Saturday, December 1, 2012

Triumph of the Also-Ran

Last night I finished the draft of the opera story I started on Wednesday. I had a moment whilst drafting of wanting to end the story immediately after the climax, because I was so pleased with it that the denouement just seemed like it would be no fun at all to put together. But I kept writing anyway, and I'm glad, because the denouement was potentially even better. Tomorrow I'm going to type it up and start rewriting it. This one will take HEAVY rewriting. Certain sentences in the first half I knew, even while I was writing them, that they were terrible; a few have "[ugh!]" written above or after them. But I think it's a good skeleton.

Speaking of opera, this month there are three live opera performances to enjoy in theaters. I went to the first this morning, La Clemenza di Tito, the last opera Mozart wrote before he died in 1791. This makes the third Mozart opera I've seen, and although the other two are MUCH more famous (Le Nozze di Figaro and Don Giovanni), and the general opinion on Tito is that it's an "also-ran" (a term of which I don't actually know the definition, but I think it's derogatory), I liked this one the best. The characters were surprisingly complex instead of being sketched, the arias were shorter so I felt less as if I was listening to this
(that's a repeat sign), and the cast was, with one exception, breathtakingly wonderful.

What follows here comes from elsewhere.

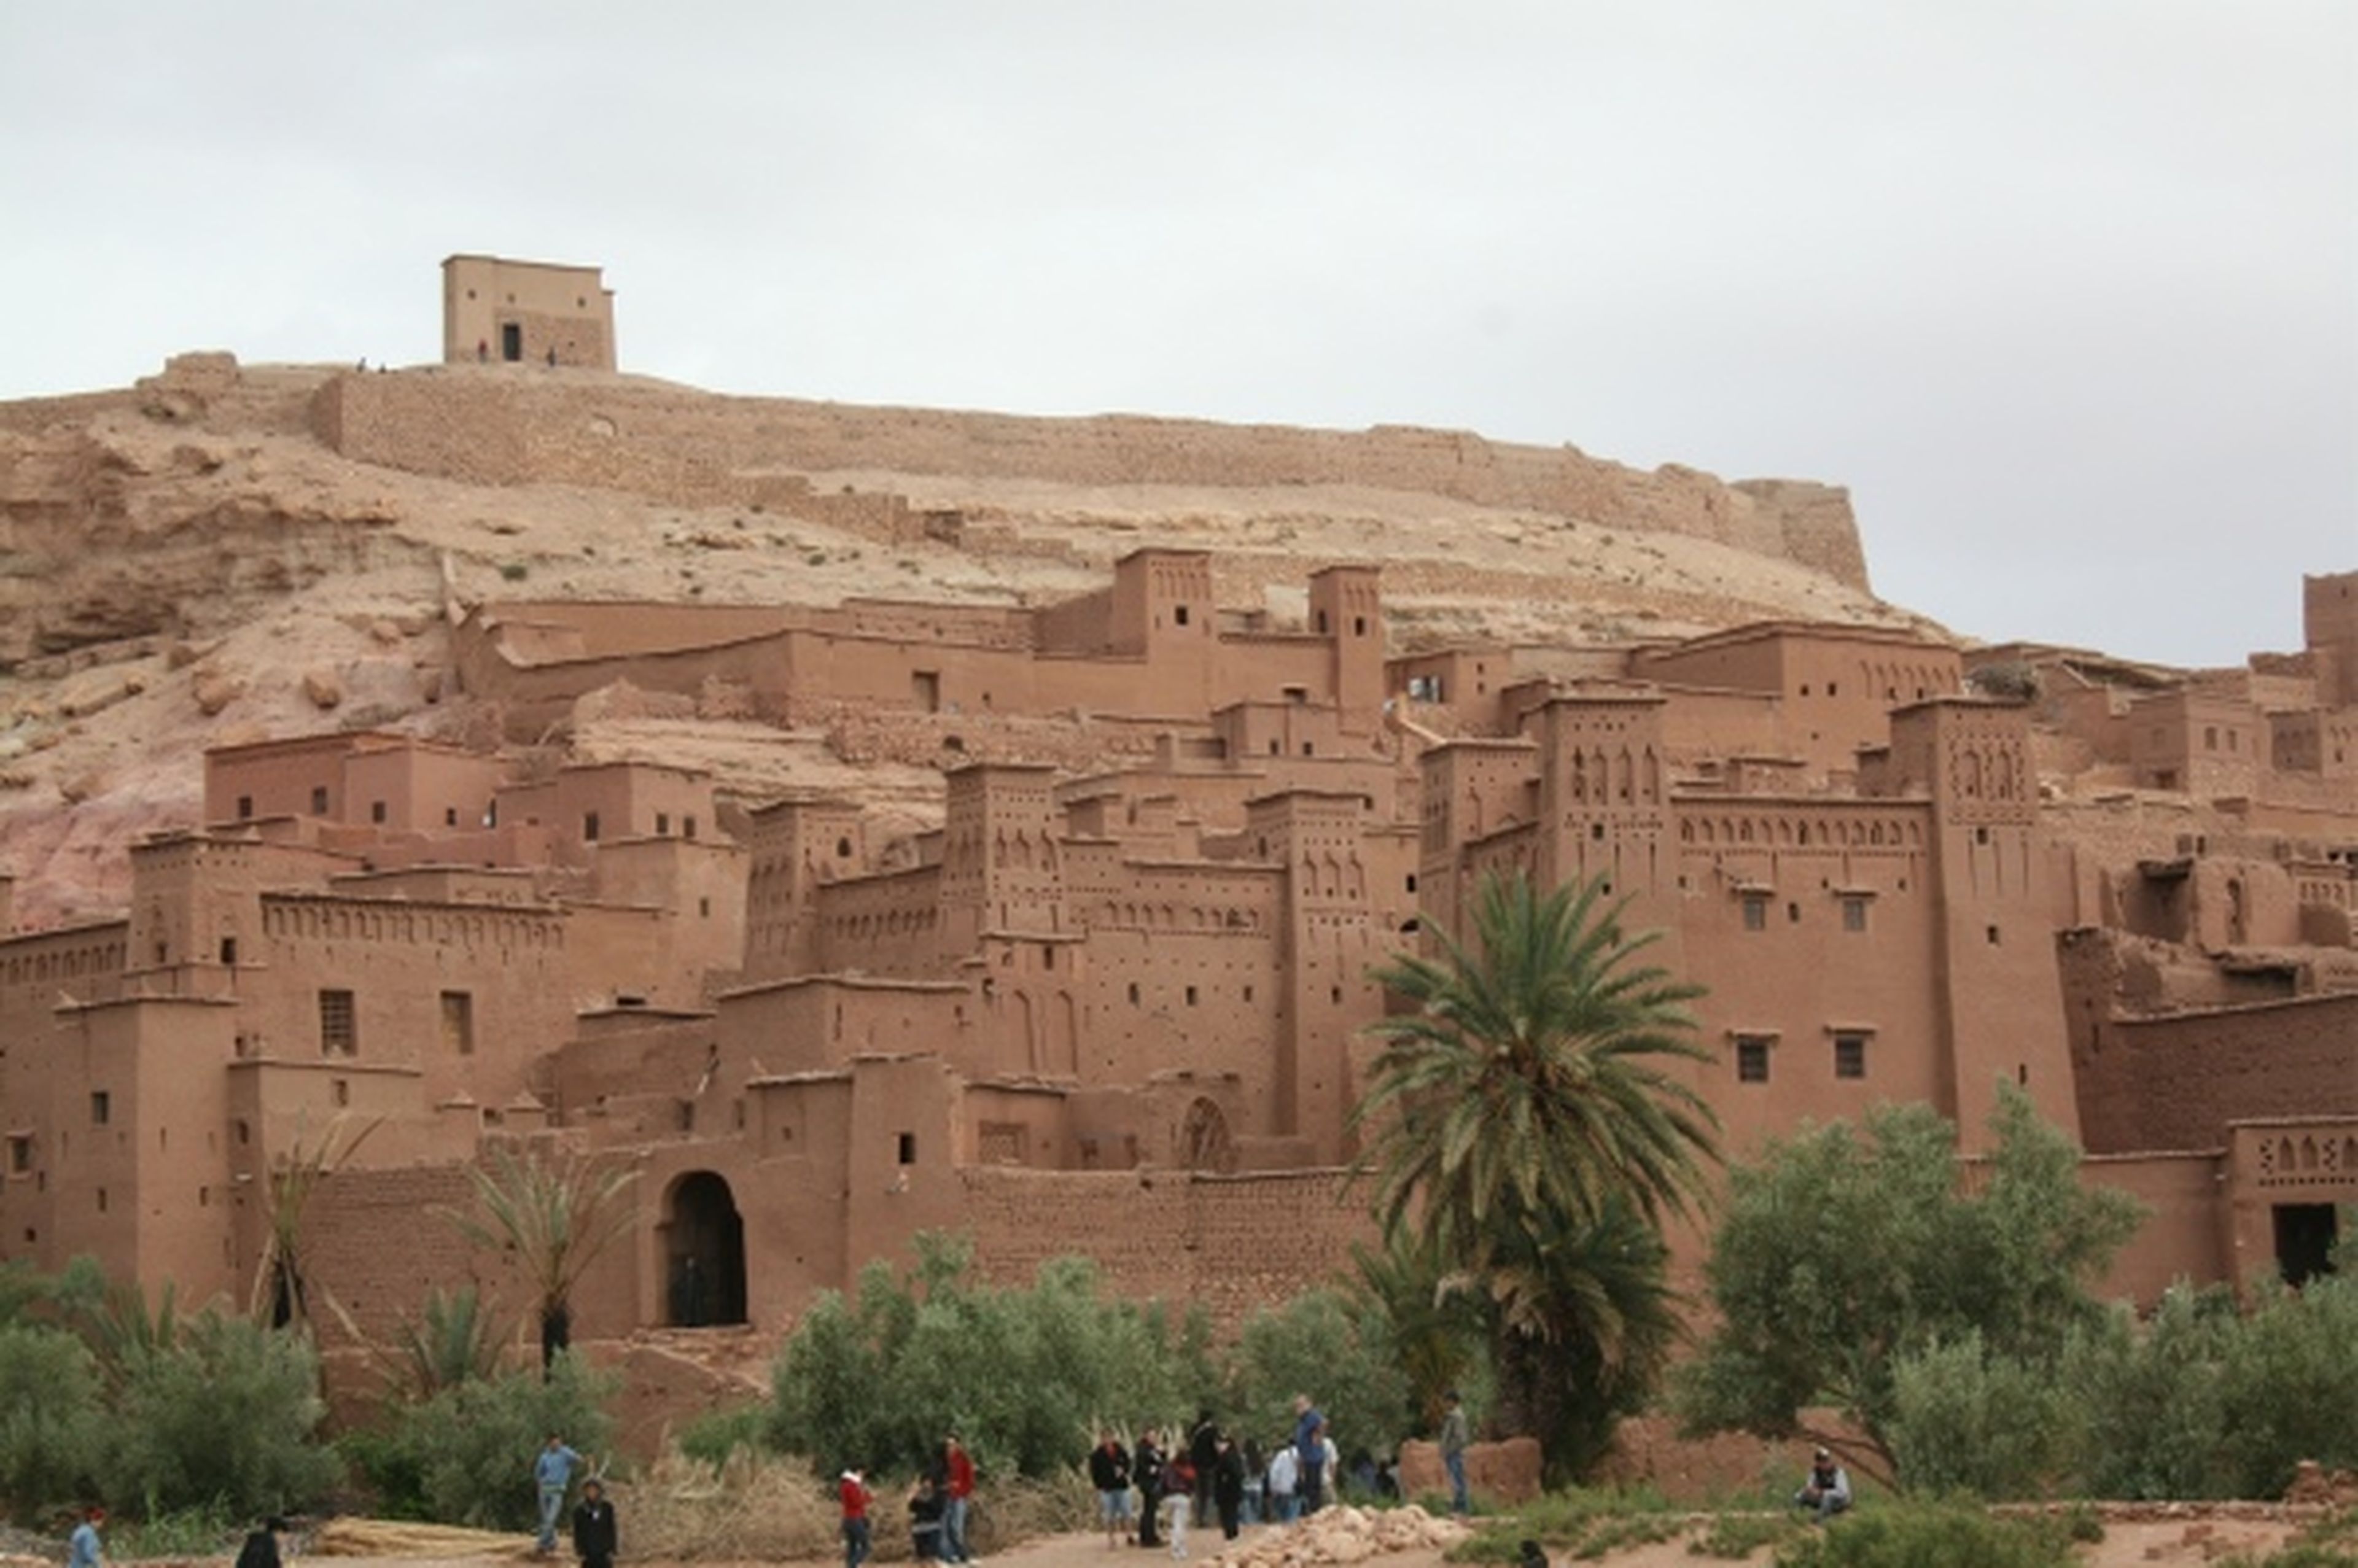 La aventura marroquí de AUTO BILD 4X4 (días 9 y 10): El viaje no termina aquí...

Also, it was Mozart. I will never, ever miss an opportunity to swim in Mozart.

In other news, I finished Slaughterhouse-Five, and I'm...not sure about it. I don't know if I don't get it, or if I do, and the confusion is the point. Also, I felt growing dread and sorrow as we got closer and closer to Dresden, and then the actual experience of the horrors of Dresden felt kind of minimal. I'm not denying that there was despair seeded all in and throughout the book, but I expected (not wanted, expected) a more horrific climax. There's a reason he did it the way he did it, and I haven't grasped it yet. Unless he simply tried to imitate the experience of life, in its weird inconclusive experientialness.

I read the first two stories of Olive Kitteridge, and...uh...this won the Pulitzer Prize? I'm going to read until at least page 100, but if by then I have no further insight about what's so awesome there, I'm giving up.

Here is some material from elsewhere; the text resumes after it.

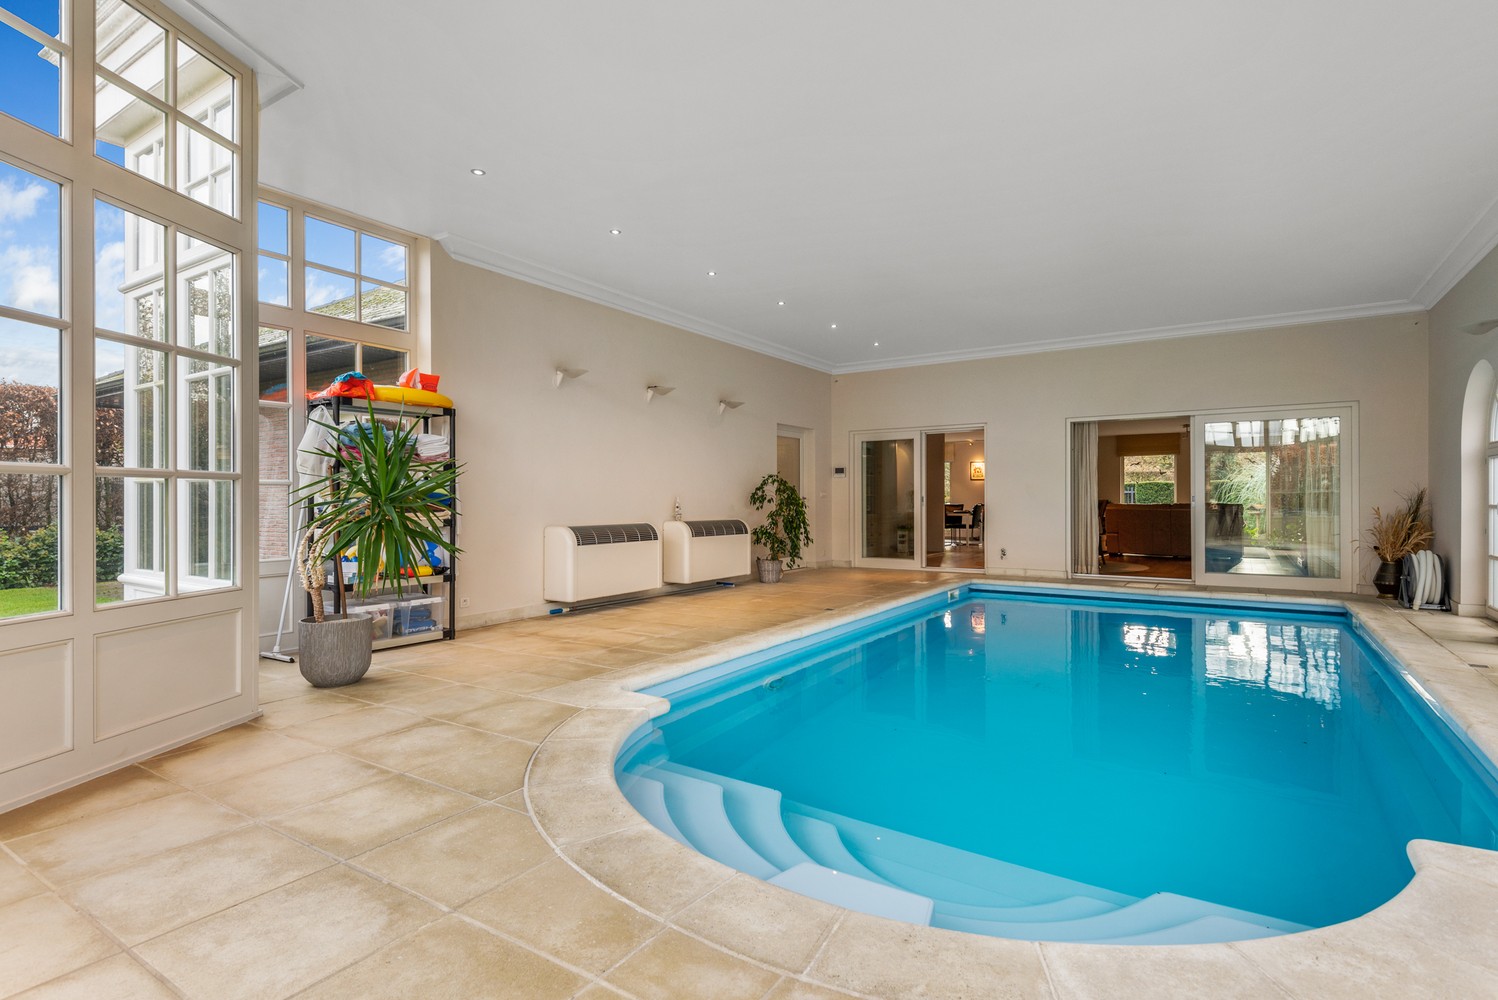 Prachtige villa met binnenzwembad op een perceel van ± 910m² in Wijnegem! afbeelding 16

I also started 2666. It is very long. It's by Roberto BolaƱo, a South American author who died unexpectedly not unlike Stieg Larsson, only on the other side of the world. (RB was born 1953, died 2003; SL was born 1954, died 2004. Weird, eh? But RB had a lot of success as a fiction writer before he died.) I haven't gotten lost in a lovely long novel like this one in seemingly ages, and I think it's time. After 50 pages, I still feel like we're cruising pre-Plot Point One, because I seriously have no idea where the writer's going with this. It's a delicious feeling, because it's fascinating what happens on every damn page, but there's no arc of any kind developing. It's just a story. Or really a series of stories which occasionally envelop other stories.

Sort of speaking of that, I finished Lost in the Funhouse. I found it mostly frustrating, with some pointillist delights. I want to read it again in ten years when I've read more experimental lit. Maybe by then I'll have more recently read ancient Greek lit too and will have some idea of what he's talking about in the second half of the book.

Definition of ALSO-RAN (Merriam-Webster online)
1 : a horse or dog that finishes out of the money in a race
2 : a contestant that does not win
3 : one that is of little importance especially competitively

Well, I suppose. If you even accept that Mozart had winning and losing works. Which I'm not sure I do.